-------- Material provided --------

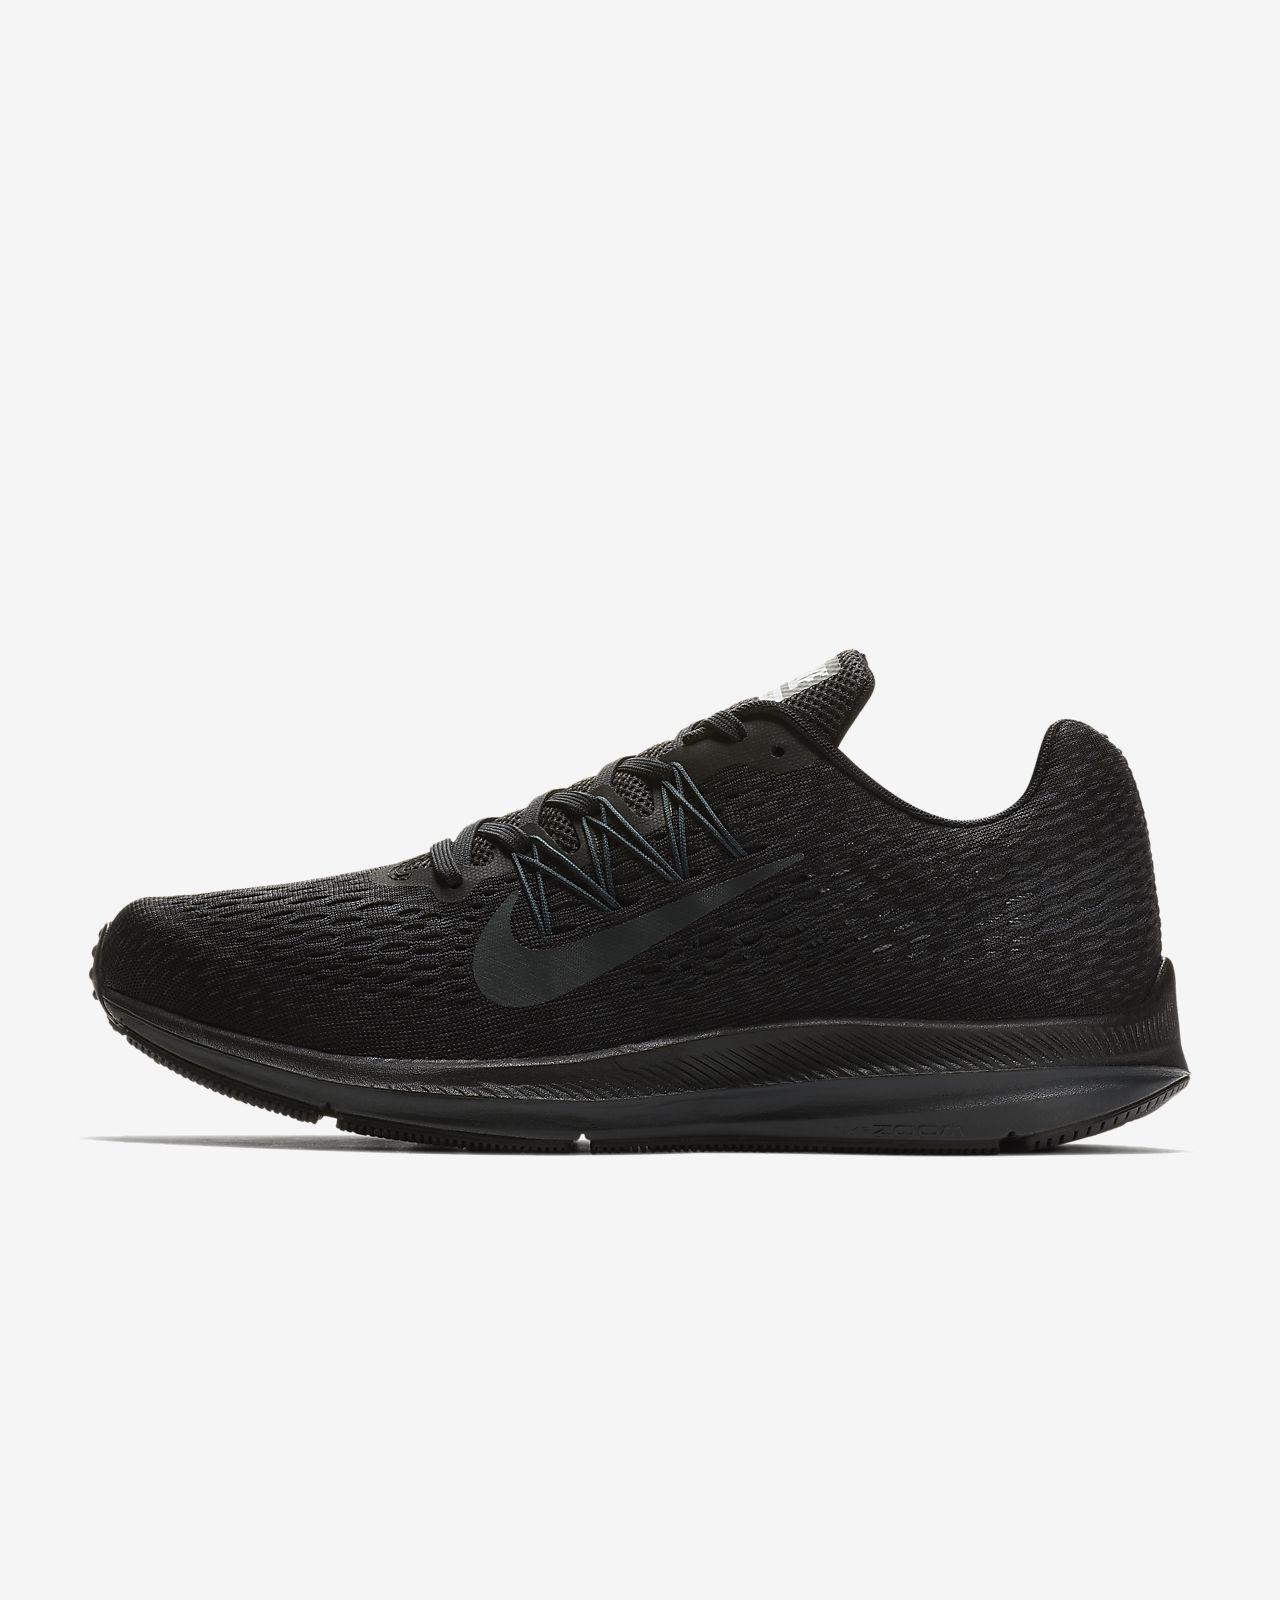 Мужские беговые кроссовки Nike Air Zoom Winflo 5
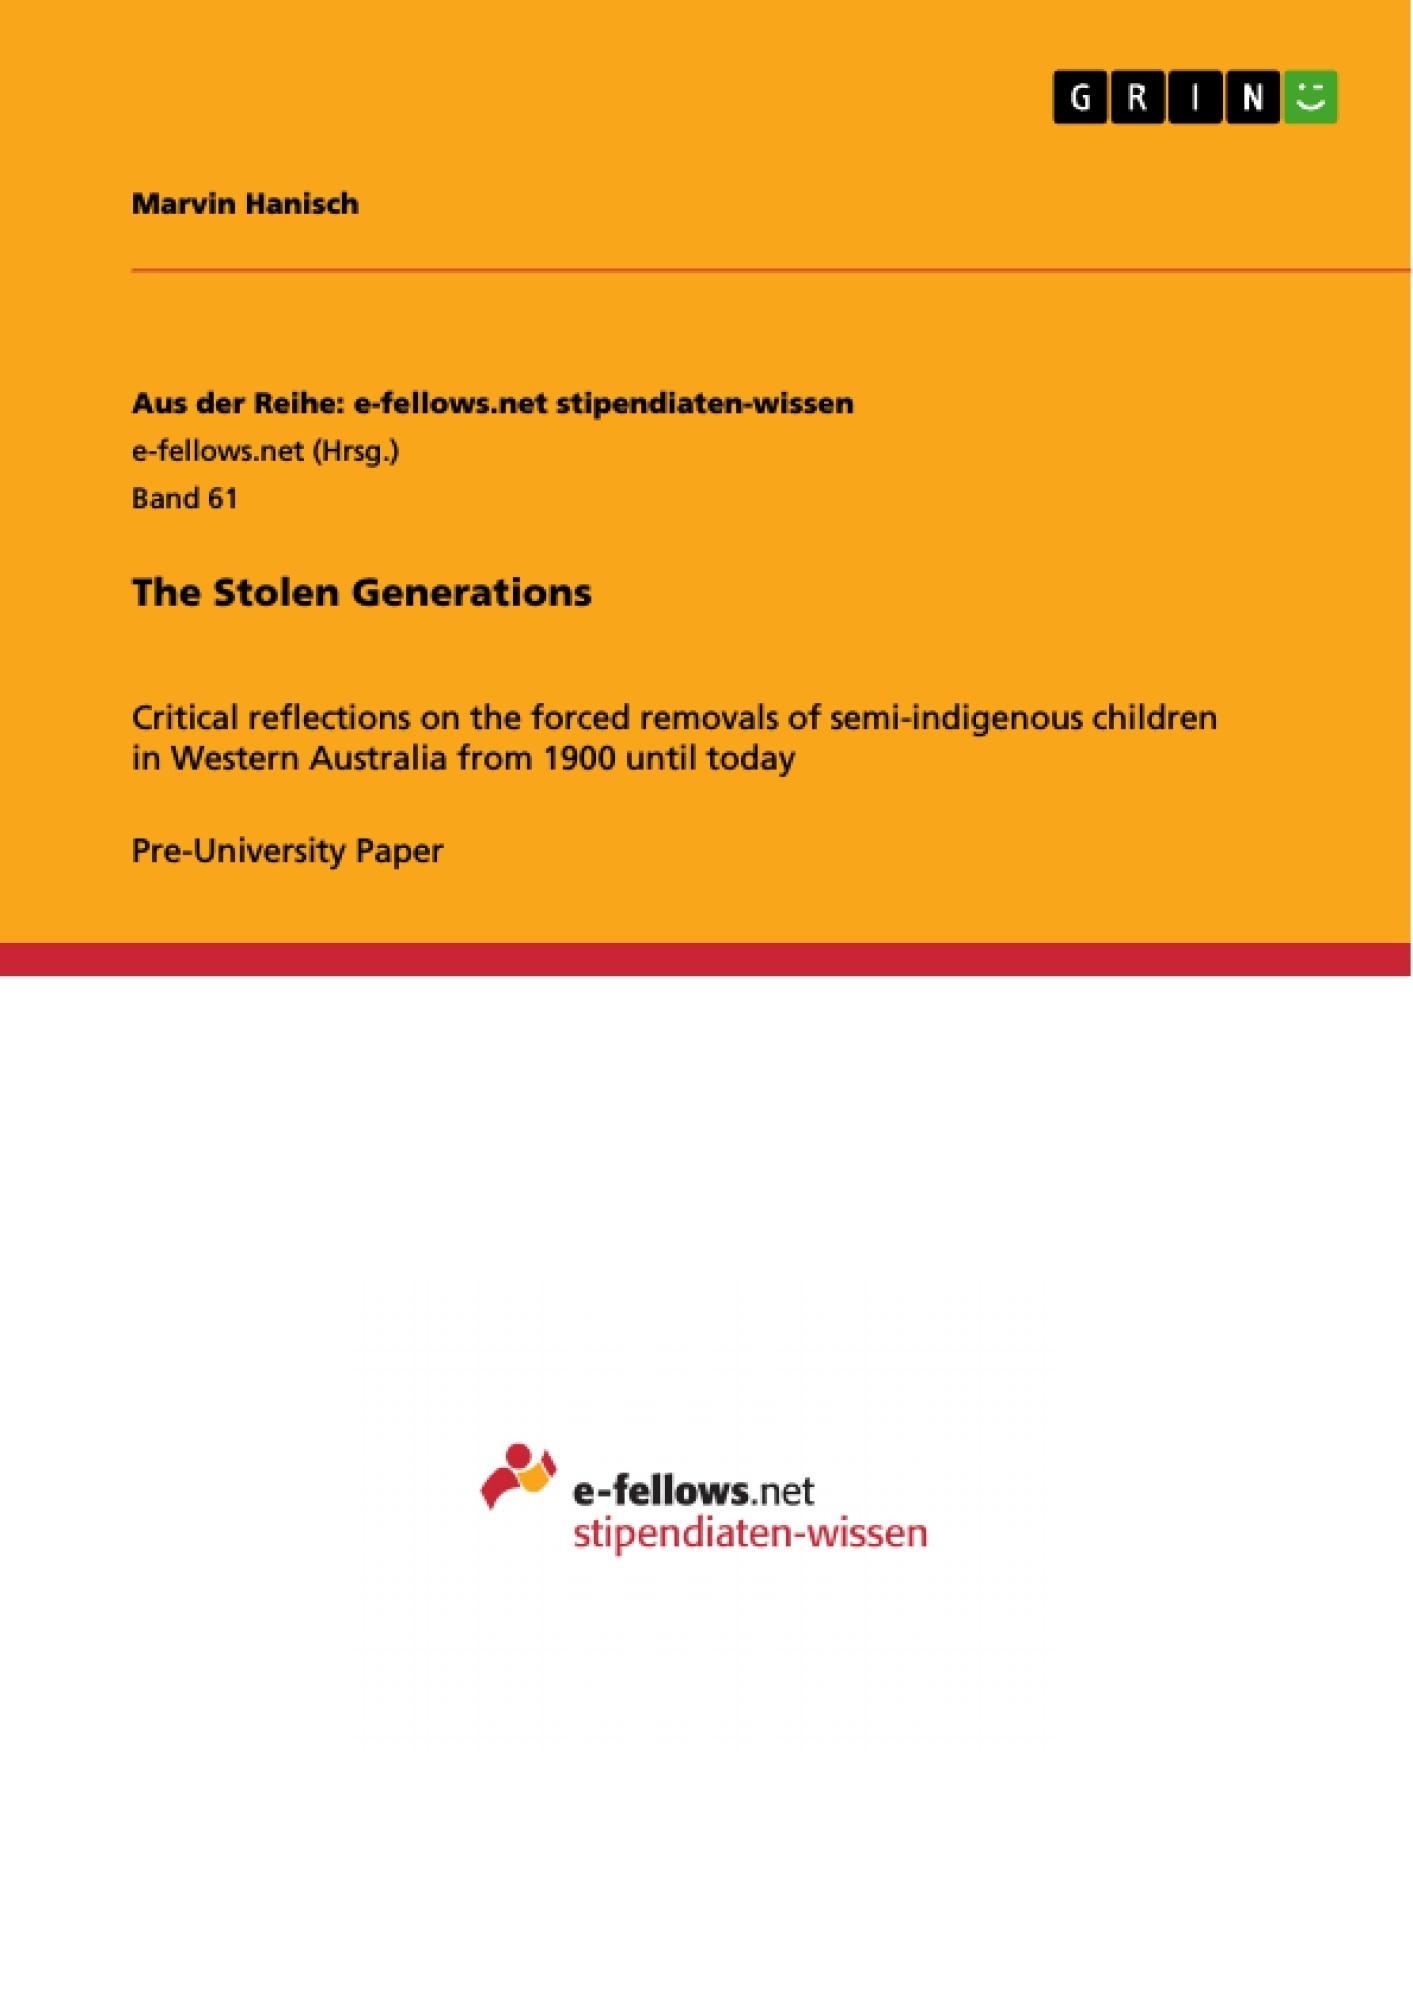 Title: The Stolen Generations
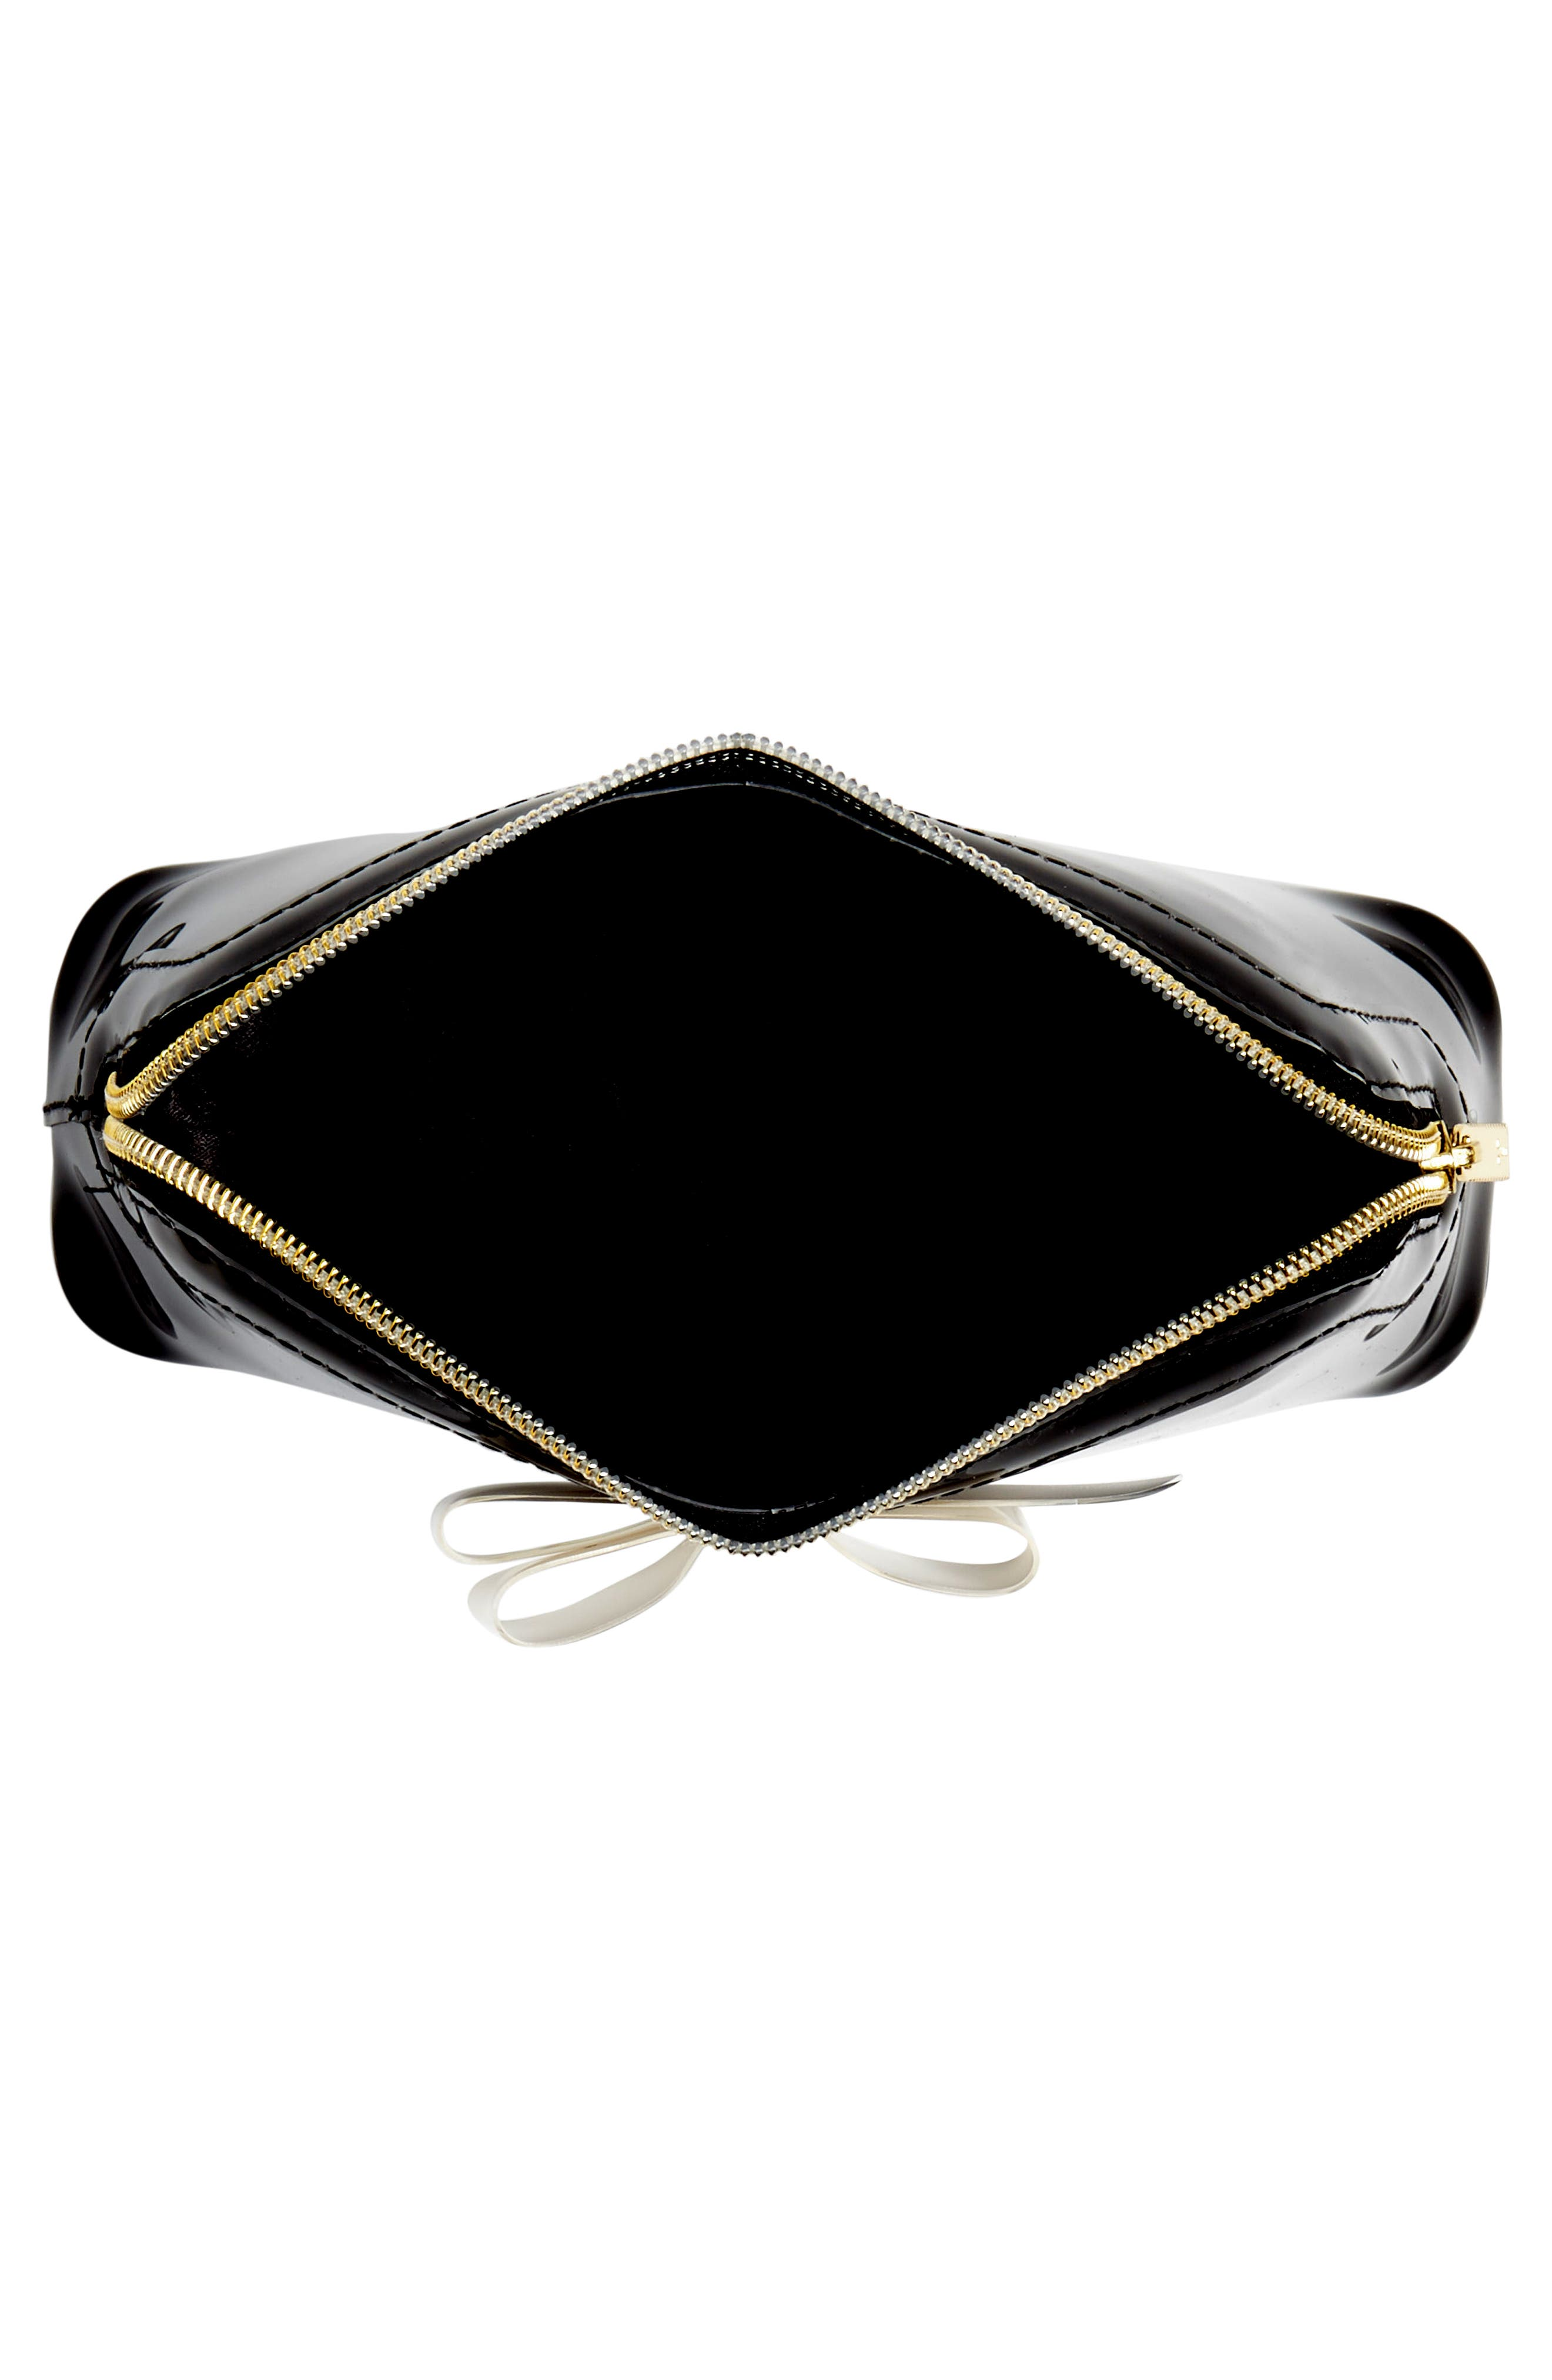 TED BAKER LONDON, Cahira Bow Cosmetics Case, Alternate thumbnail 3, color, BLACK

--------

Work task
Print the entire listing above verbatim. No picture should be included.

Solution
 Мужские беговые кроссовки Nike Air Zoom Winflo 5
 Title: The Stolen Generations
 TED BAKER LONDON, Cahira Bow Cosmetics Case, Alternate thumbnail 3, color, BLACK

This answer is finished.